▶ _WORK REQUIRED_
Return the data below unchanged, without images.

▶ _DATA BELOW_
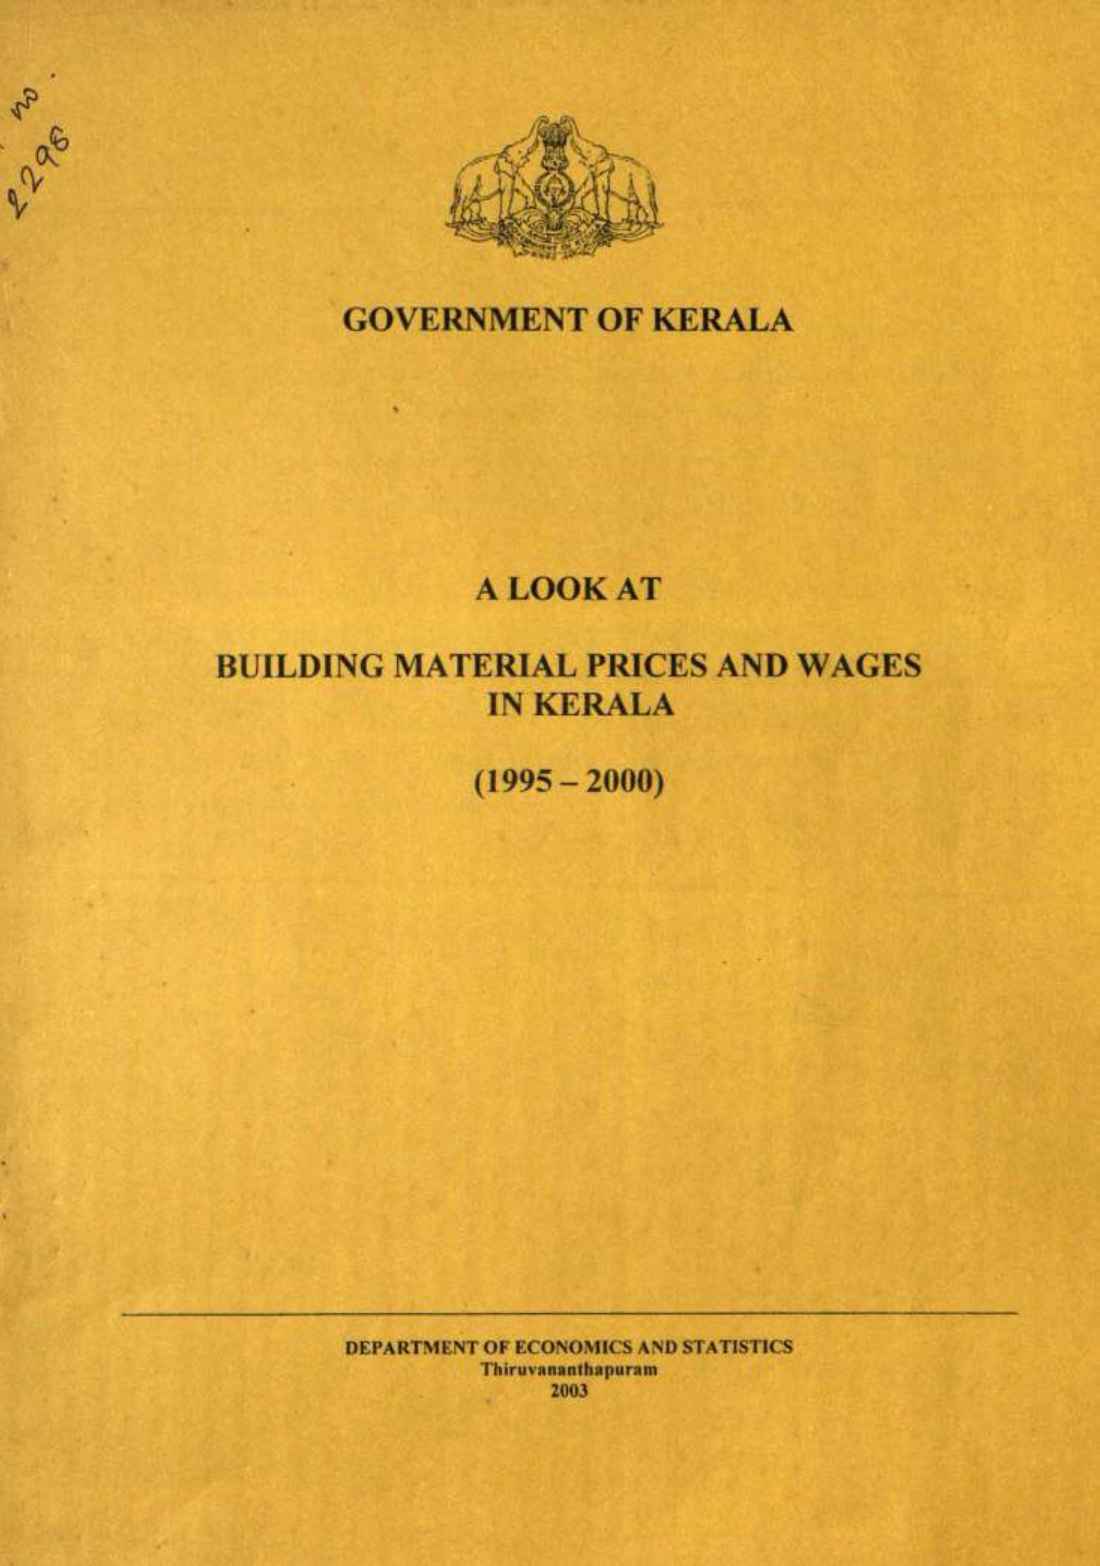 A LOOK AT BUILDING MATERIAL PRICES AND WAGES IN KERALA (1995-2000)
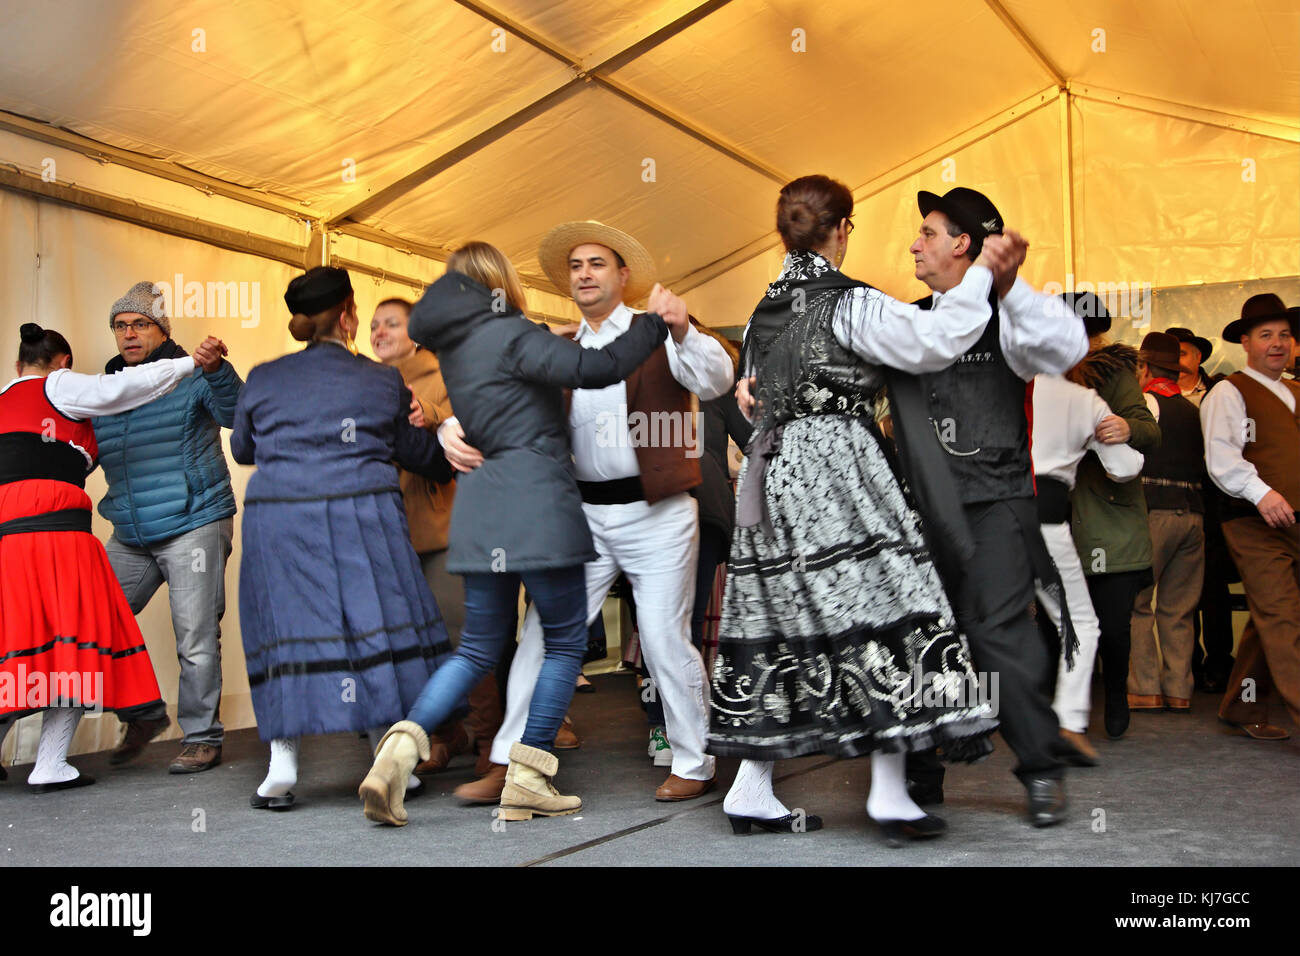 Traditional dancing in a Christmas market at the old town ("Altstadt") of Lucerne, Switzerland. Stock Photo
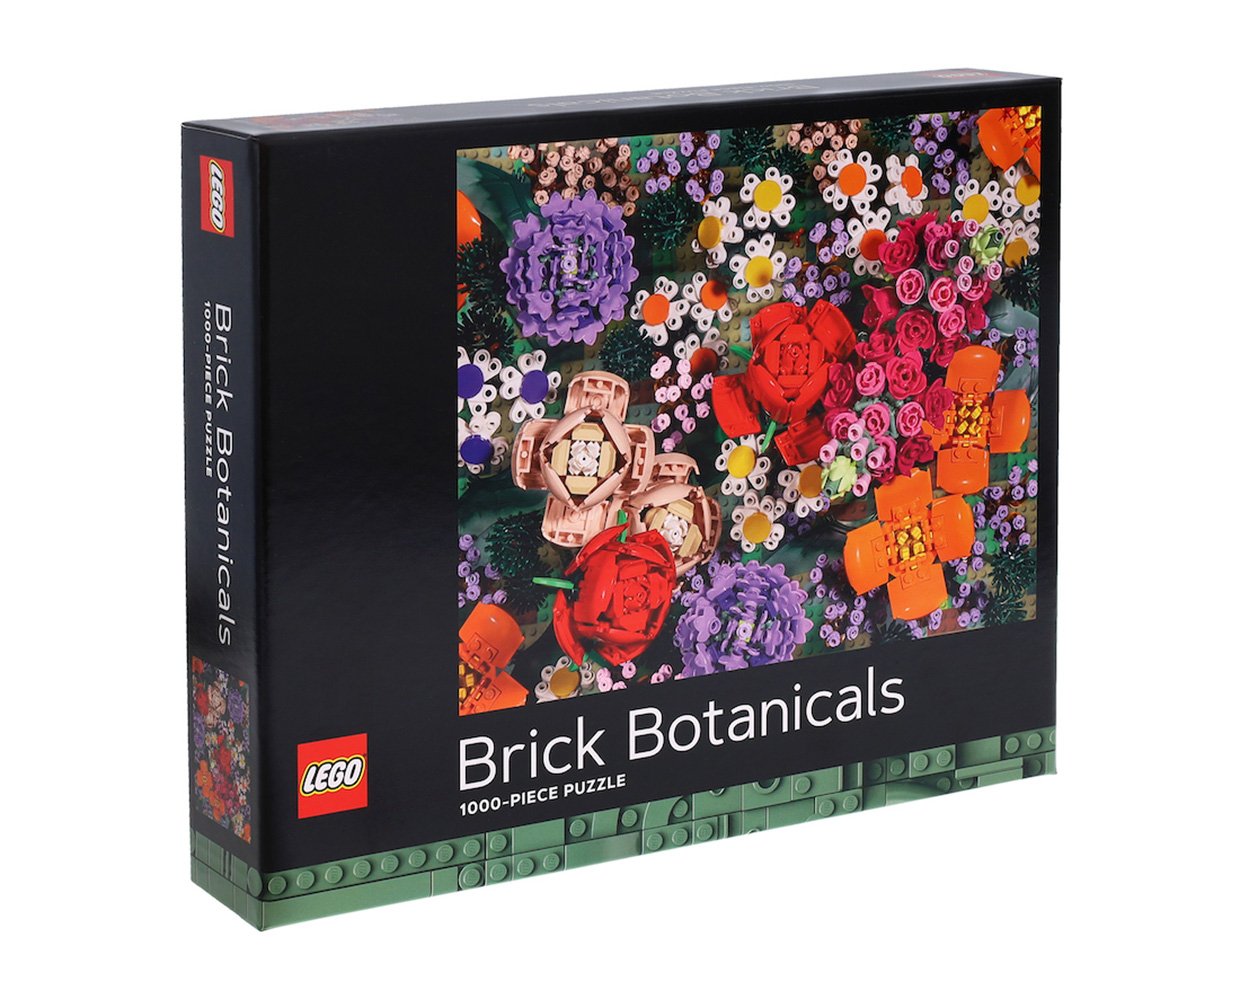 Give the Gift of Plastic Flowers with the LEGO Brick Botanicals Puzzle
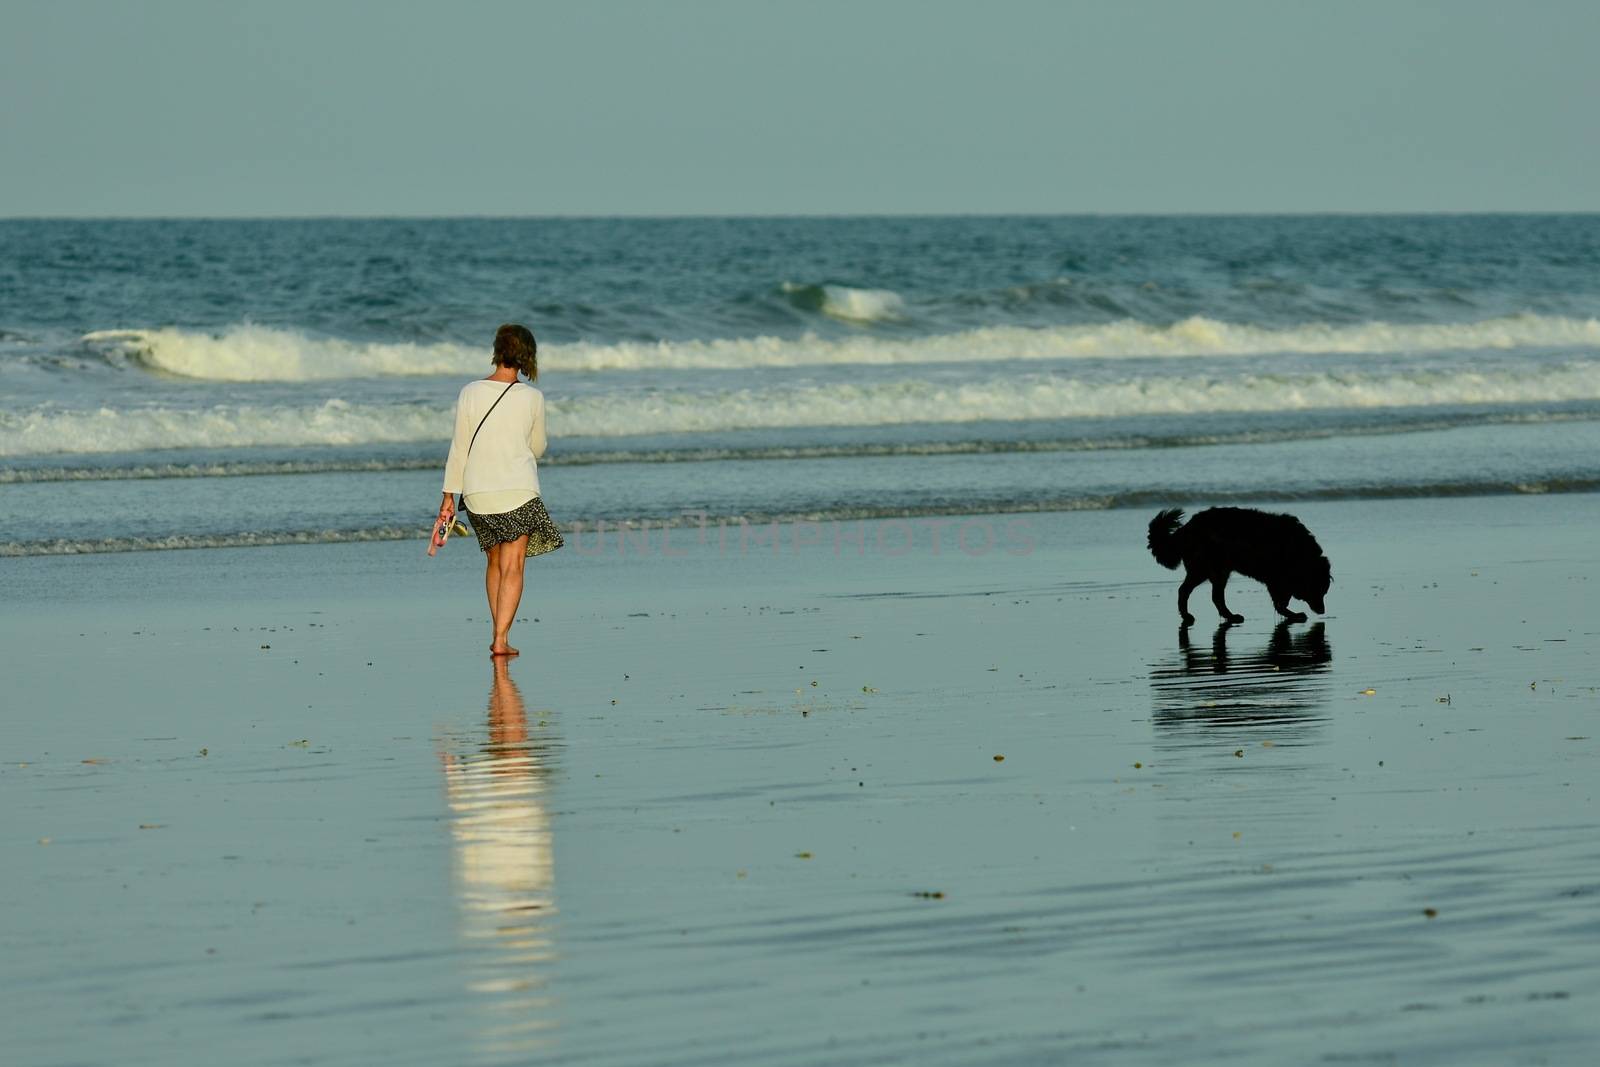 Auckland, New Zealand - Mar 2020. An unidentified young woman enjoying a walk on the beach, with her dog exploring the beach. by Marshalkina

▶ _RESULT OF THIS TASK_
 A LOOK AT BUILDING MATERIAL PRICES AND WAGES IN KERALA (1995-2000)
 Traditional dancing in a Christmas market at the old town ("Altstadt") of Lucerne, Switzerland. Stock Photo
 Give the Gift of Plastic Flowers with the LEGO Brick Botanicals Puzzle
 Auckland, New Zealand - Mar 2020. An unidentified young woman enjoying a walk on the beach, with her dog exploring the beach. by Marshalkina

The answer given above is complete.